You’ve been driving for hours now, and the only thing keeping you sane is the true crime podcast booming from your
radio. The words make you gasp at the gory details, yet you empathize with the
killer’s backstory.
“Authorities found a map in Robert Hansen’s Anchorage home marked with tiny ‘X’ symbols,” it recounts, “showing where the ‘Butcher Baker’ killed and buried his victims in the wilderness. Even then, some were never found.”
For a long time, people have been fascinated by true crime. The inner workings of a serial killer’s mind is an infatuating mystery, but there’s a fine line that must be walked between fascination and glorification. We have to remember that behind these seemingly entertaining “tales,” the victims are real people, not just entertainment.
In the new Netflix series “Monster: The Jeffrey Dahmer Story,” they take Dahmer, a violent murderer, and humanize him. This encourages sympathy in a way that is harmful to his victims’ memories. Though the original idea of the show might not have been to do this, the end result is the same, and the damage that has been done is the same. Some people who have watched the show have been posting on the internet about how they pity Dahmer. One Twitter user said, “I feel bad for this cannibal and serial killer that ruined so many lives. My heart aches for Jeff the child and I want to save him.”
There’s a difference between feeling bad for a child that grew into a bad person and excusing his adult behavior because of your sympathy towards his younger self. Childhood abuse does not excuse murders. There are plenty of good people who have had upbringings like Dahmer’s. Someones childhood trauma does not dictate what they do in adulthood. They still make the conscious decision to kill.
Xanthe Mallet, a criminologist at the University of Newcastle, writes, “Recently, a student in one such tutorial expressed admiration for notorious U.S. serial killer Ted Bundy, even going as far as to say she was attracted to him.”
Killers are often portrayed as attractive in the media. But remember, they don’t deserve to be romanticized by people sitting in their bedrooms 40 years later. The increasing popularity of true crime in the media has fueled interest in violent and dangerous perpetrators. This means the victims continue to be overlooked. Victims and their lives should be the main focus of each retelling of a case, but they are perversely made into only receptors for their murderer’s violence. It’s unfair to ignore their whole lives before death. They are not just pawns in the telling of a killer’s story.
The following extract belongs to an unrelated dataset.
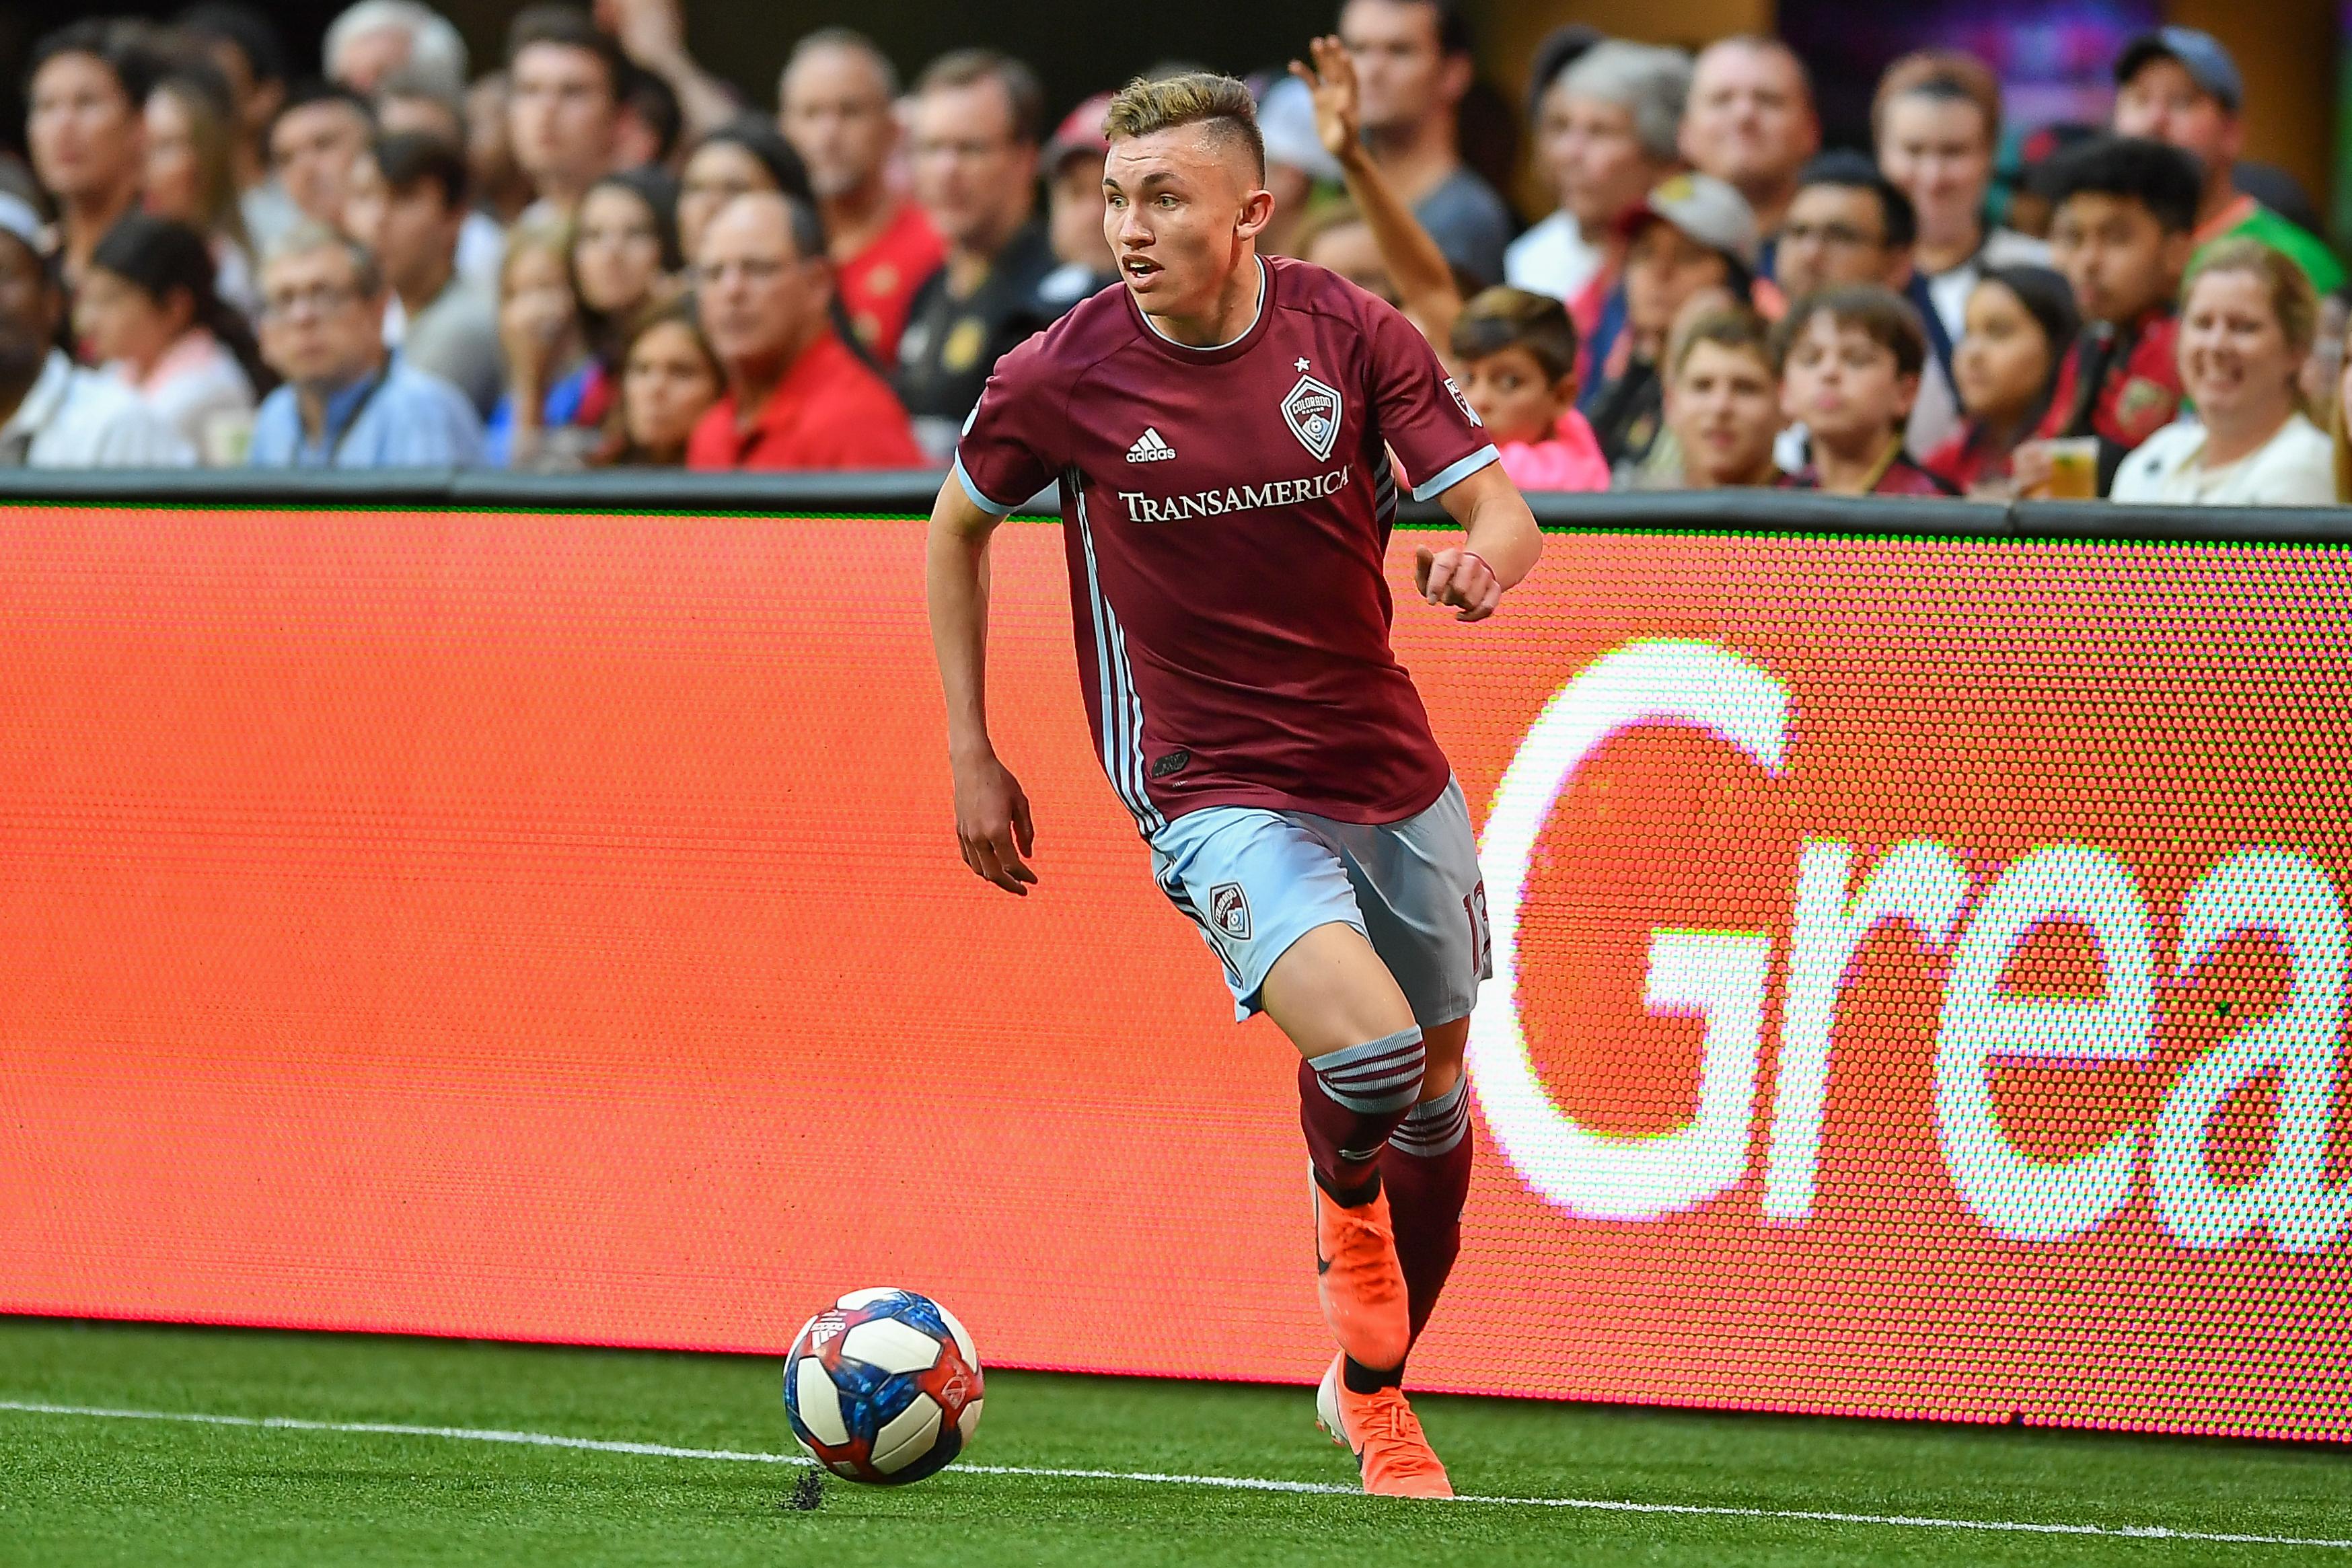 SOCCER: APR 27 MLS - Colorado Rapids at Atlanta United FC
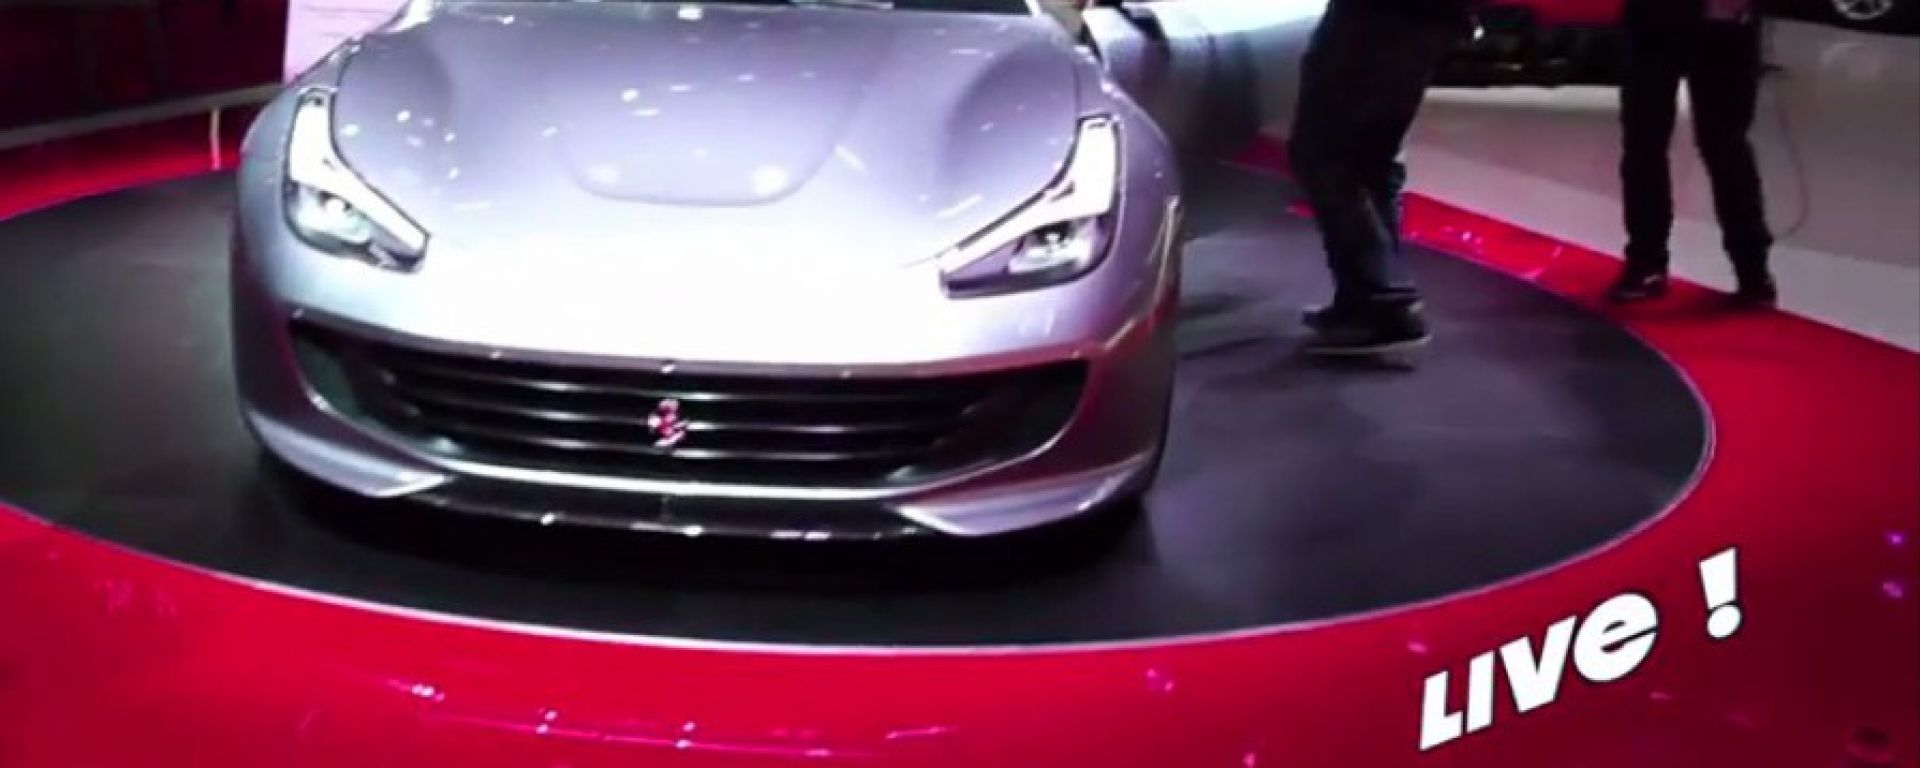 Live Parigi 2016: Ferrari LaFerrari Aperta e GTC4Lusso T in video

You most likely have heard names like Ted Bundy, Jeffrey Dahmer or the Zodiac Killer. Names you don’t hear as often are Richard Guerrero, Susan Curtis, Timothy Jack McCoy, Jennie Vincow and Betty Lou Jensen. These are the victims of these murderers. The fact that many don’t recognize any of them is the problem.
Next time you listen to true crime, be more aware of the victims’ memories and how what you look at affects their families and friends to this day. If it’s hurtful to either of those, don’t promote it. Instead, there are podcasts featuring cold cases. These decks have cases that have gone cold over time, and the police need help solving them. Spreading this information benefits investigations, causing many more tips to be called in. Hopefully, each case going is to get the one tip that breaks the case wide open.